El comentario de Alicé tuvo la intención de ser inocente pero resultó tener una sinceridad extra. Ambos muchachos se miraron a los ojos y sonrieron. Alicé tenía la profundidad de un lago tranquilo: no guardaba secretos oscuros ni deseaba el mal a ninguno. Su vida había sido un libro abierto para Pierre durante el tiempo de su convalecencia. Uno que ella leía en voz alta tan a gusto como los cuentos clásicos. Ella misma era una narración para inocentes: de bondad exagerada, sonrisa constante, gestos ordinarios que convertía en extraordinarios. La jovencita era una enfermera pero a veces también era una alumna de colegio, una niña en trineo, una costurera para sus amigas, una narradora para sus compañeras. Y era el mundo casi completo de Pierre quien, aún débil, no se veía libre de pasear por la colonia. La realidad del muchacho se centraba en Alicé y sus noticias y en la vida a diario con Helga y Albert.

Pierre no era como Alicé. No tenía ningún punto en común con ella más que su amor a la lectura. Al menos así lo creía. Por las noches, estando solo, se levantaba y recorría la casa en silencio. Andaba descalzo para no hacer ruido y despertar a sus padres. Miraba los aparadores y las paredes. En los dos años que llevaba viviendo allí, llegado de las ruinas de Europa, se había acostumbrado a los detalles ideológicos familiares. Pero ahora que Alicé visitaba asiduamente la vivienda, todos esos íconos debieron ser guardados.

Con una corazonada sobre su escondite, Pierre abrió las puertas bajas del aparador y rebuscó entre las cajas que allí guardaba Helga. Efectivamente, ese era el lugar. Ahí habían sido guardados todos sus recuerdos de Alemania que no eran políticamente correctos mostrar delante de cualquiera.

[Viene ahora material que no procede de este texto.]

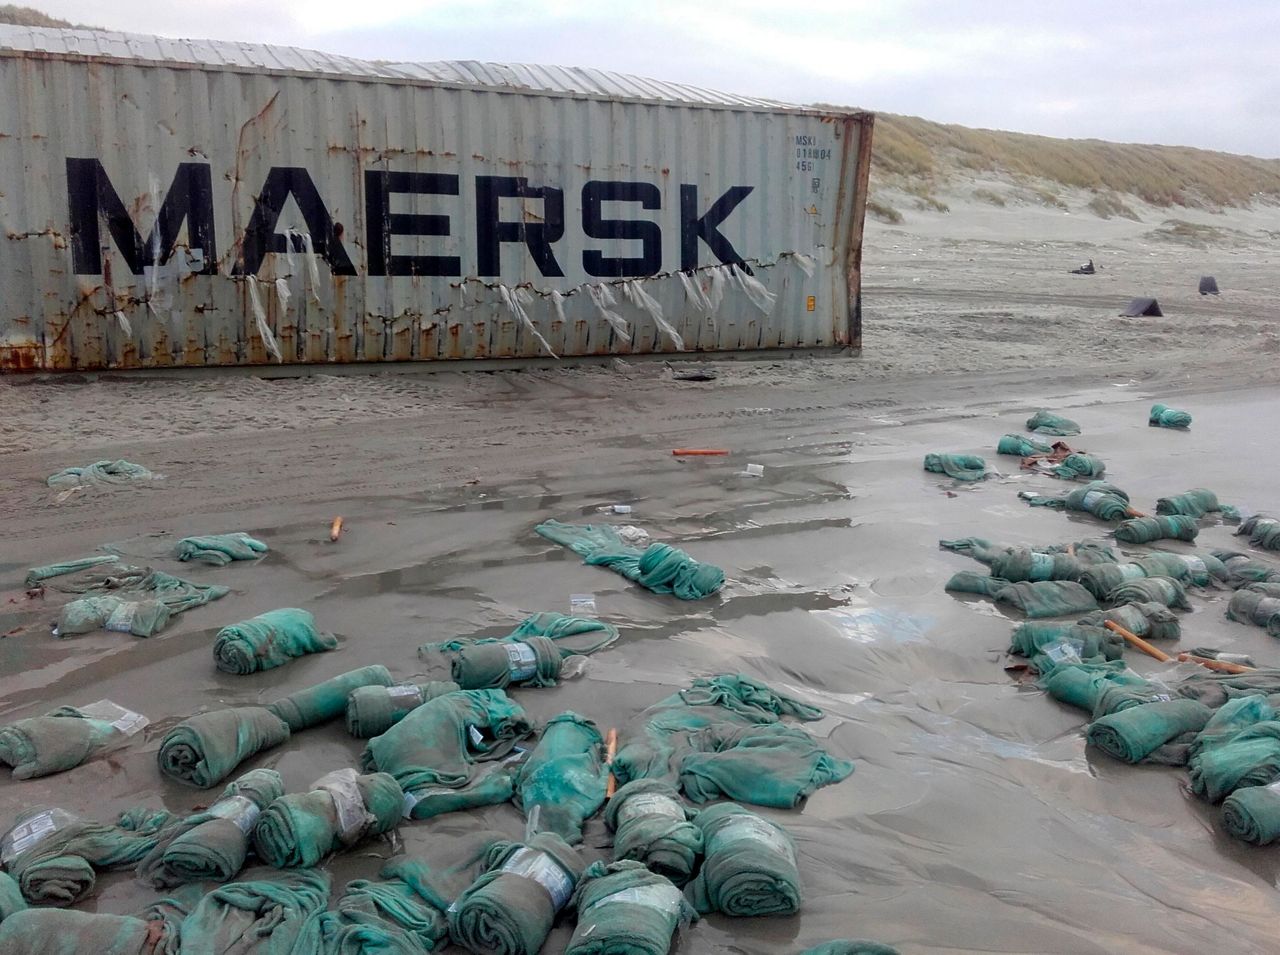 Firm pledges to find shipping containers lost in North Sea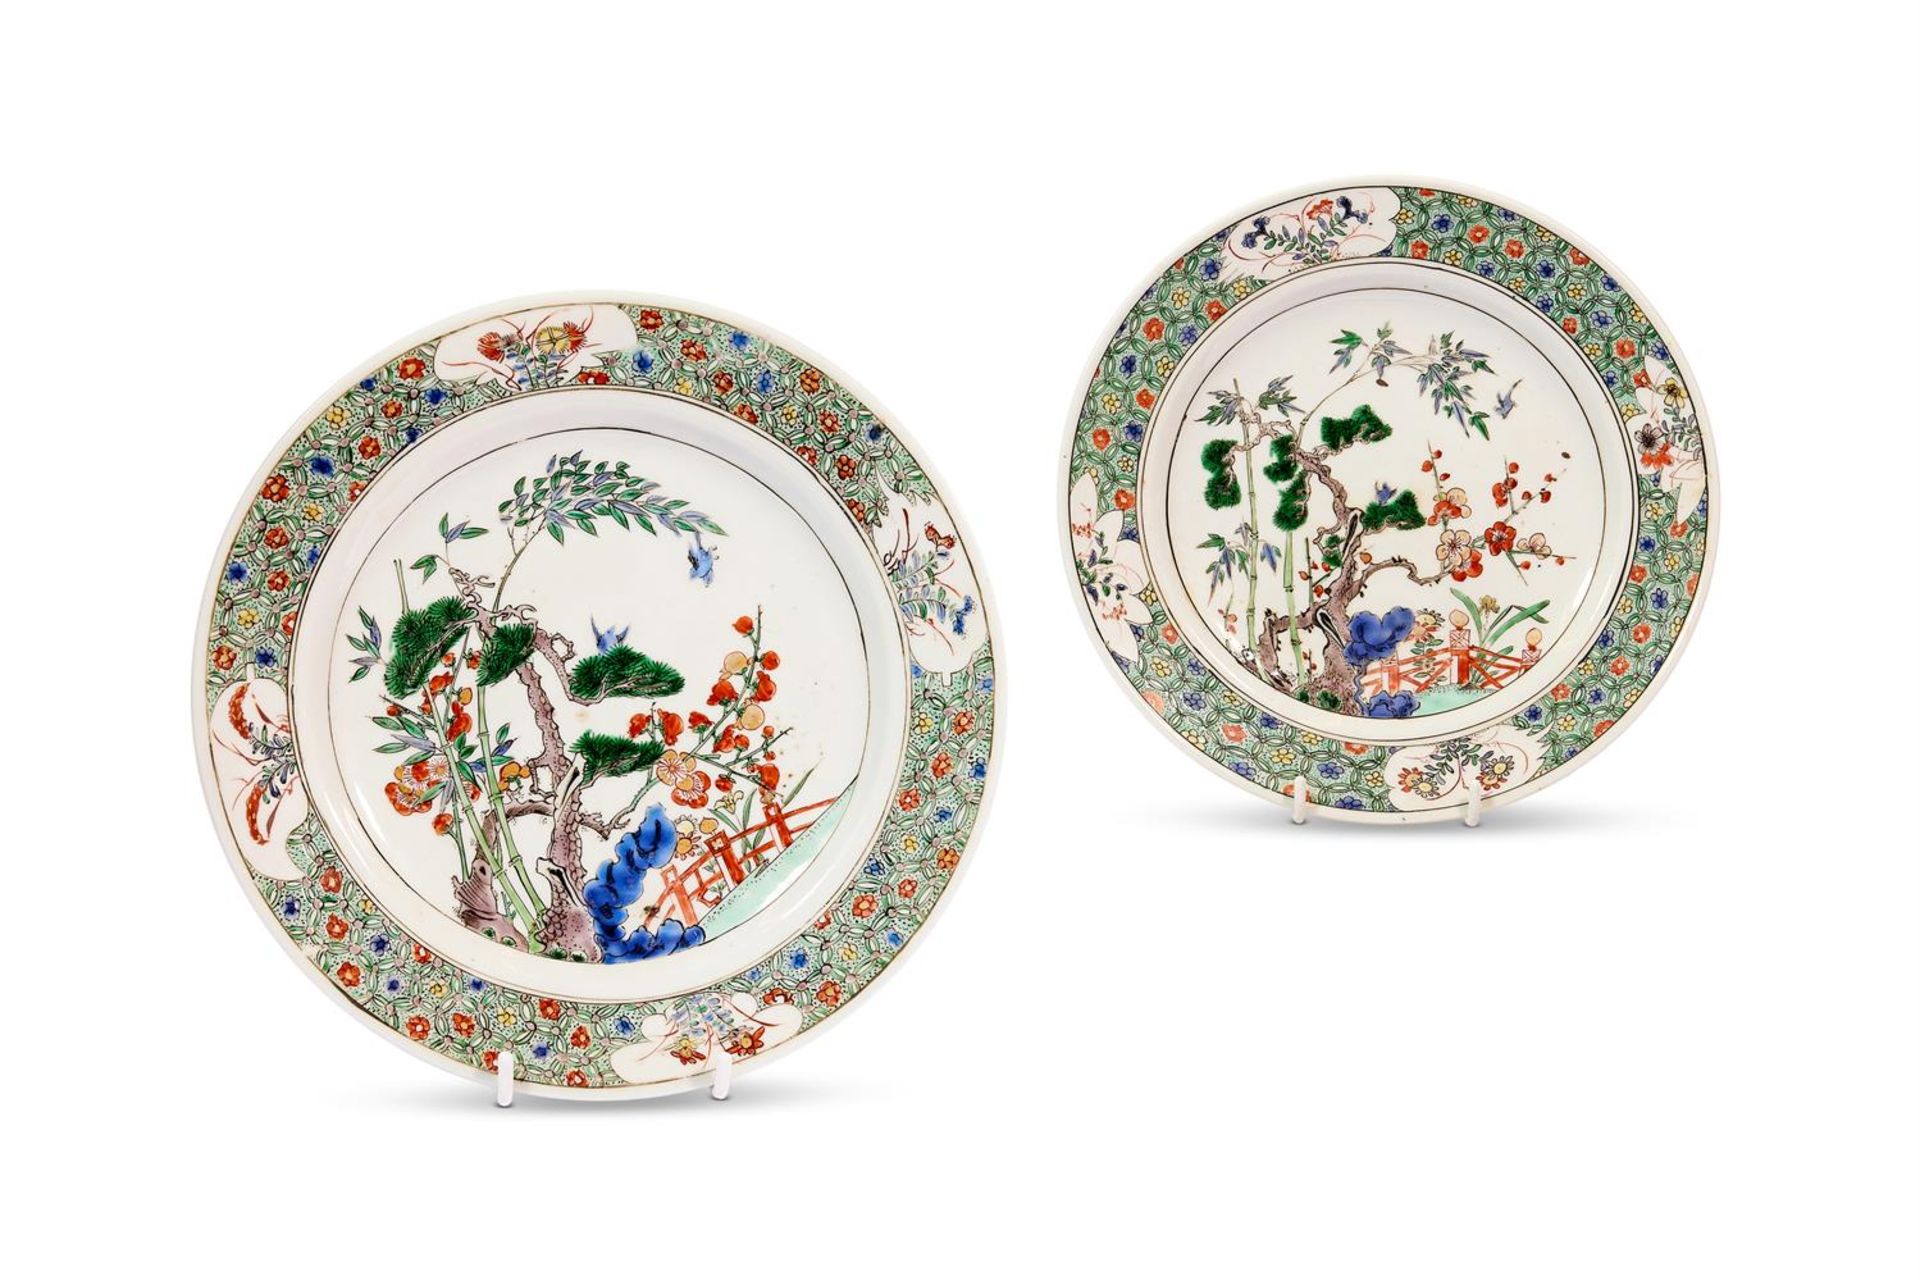 A PAIR OF CHINESE FAMILLE VERTE 'THREE FRIENDS OF WINTER' PLATES, QING DYNASTY

Se sentó en el suelo, la alfombra era mullida y guardaba el calor de la estufa de leña. Abrió la caja y comenzó a sacar objetos de adentro de ella. La luz de la luna y de una vela era todo lo que tenía para ayudar a sus ojos. La cruz esvástica que él mismo había llevado en el pecho desde su época en la Juventud Hitleriana estaba ahí. La había traído él, escondida entre su ropa cuando tomó el barco en Marsella. En su bolso gastado llevaba el uniforme envuelto en una sábana rota y una foto del Führer. Su gorra se había perdido en el campo de prisioneros a donde estuvo destinado antes de poder huir de Compiègne hacia el sur.

El 22 de junio de 1940, Pierre había formado parte de la comitiva que acompañó al Führer a Compiègne, Francia, para firmar el armisticio que favorecería a Alemania. Una vez que el jefe de Estado se hubo retirado de vuelta a Berlín, parte de su compañía quedó en la ciudad francesa. Otros más llegarían después. El país germano mantuvo la ocupación sobre los galos hasta fines de 1944.

Pierre recordó ese tiempo sin ninguna emoción especial. ¿Nostalgia? No, no había sido una salida de camping. ¿Remordimiento? Tampoco, estaba cumpliendo órdenes. ¿Vergüenza? Le habían enseñado que solo da vergüenza aquello que no se puede decir abiertamente. Entonces, ¿pena? Quizás, porque no podría tomar la mano de Alizée sabiendo que la otra tenía sangre aún fresca.

¿Y si dejaba que fuera ella quien eligiera?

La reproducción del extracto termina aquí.